Figure 1. Architecture of genome-wide HMMerThread searches.

Each protein of a species' proteome is sent to a conserved domain search using HMMER2 against the Pfam database with an E-value threshold of 50. If a conserved domain with an E-value below 1e-04 is detected, it is positively scored. In case an identified domain has an E-value above 1e-04, a pre-processing and fold recognition step is performed. In case of a positive identification (p<0.001), a conserved domain is scored, if the HMMER2 E-value of the conserved domain is below 0.1. If the HMMER2 E-value is above 0.1 and the associated fold has been scored positively, a cross-species validation is performed and essential residues are flagged for a confident assignment of a conserved domain.

Figure 2. Performance of the OpenProspect software.

Comparison of positive identifications of conserved domains using either HMMER2 alone (grey bars) or HMMerThread (red bars). We have tested an E-value range between 1e-20 and 1e-04 for positive identification of conserved domains by HMMerThread and 88% of conserved domains could be positively identified.

Figure 3. Multiple sequence alignments of remotely conserved domains in proteins identified in functional screens.

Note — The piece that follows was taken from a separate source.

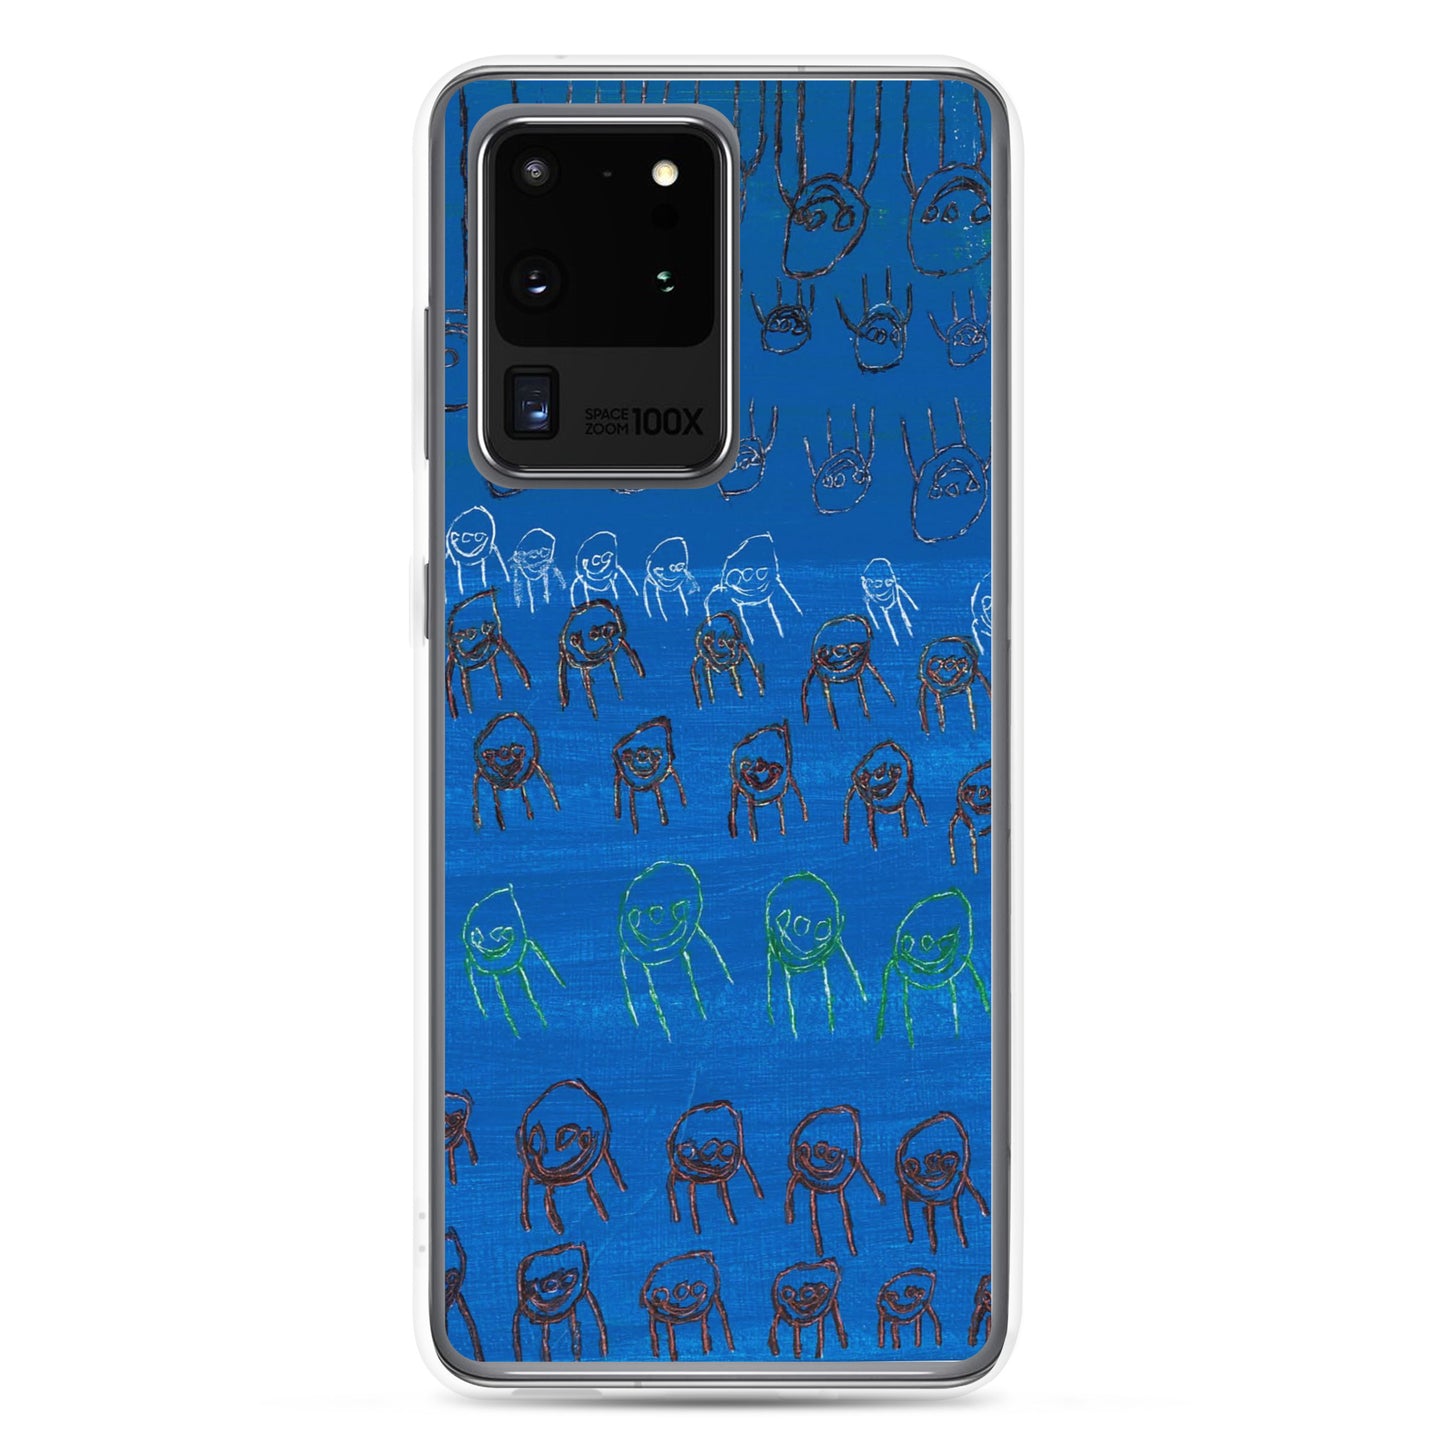 Samsung Case - "Colourful People"

Multiple sequence alignment of the Nab1 family with the SAM domain family (taken from CDD). Residues that are conserved between the two families are highlighted in yellow, those found in only one of them are highlighted in blue and green, respectively. Essential, functional residues retrieved from the CD database are indicated by hash keys. Accession numbers of sequences can be found in Supplemental Table S7.

Figure 4. Multiple sequence alignments of remotely conserved domains in proteins associated with mitosis and meiosis.

(A) Multiple sequence alignment of the Ssp2 family with the RRM_1 domain. (B) Multipe sequence alignment of the Wapl/Rad61 family with the SAP domain family. Residues that are conserved between the two families are highlighted in yellow, those found in only one of them are highlighted in blue and green, respectively. Essential, functional residues retrieved from the CD database are indicated by hash keys, those retrieved from literature (SAP domain) with stars. Accession numbers of sequences can be found in Supplemental Table S7.

Figure 5. Multiple sequence alignments of remotely conserved domains found in proteins associated with human diseases.

(A) Multiple sequence alignment of the AKAP10 family with the CUT-like HLH domain family. (B) Multiple sequence alignment of the Lba protein family with the VHS domain family. Residues that are conserved between the two families are highlighted in yellow, those found in only one of them are highlighted in blue and green, respectively. Essential, functional residues retrieved from the CD database are indicated by hash keys. Accession numbers of sequences can be found in Supplemental Table S7.

Figure 6. Multiple sequence alignment of the Als2cL family with the RhoGEF domain family.

Residues that are conserved between the two families are highlighted in yellow, those found in only one of them are highlighted in blue and green, respectively. Essential, functional residues retrieved from the CD database are indicated by hash keys. Accession numbers of sequences can be found in Supplemental Table S7.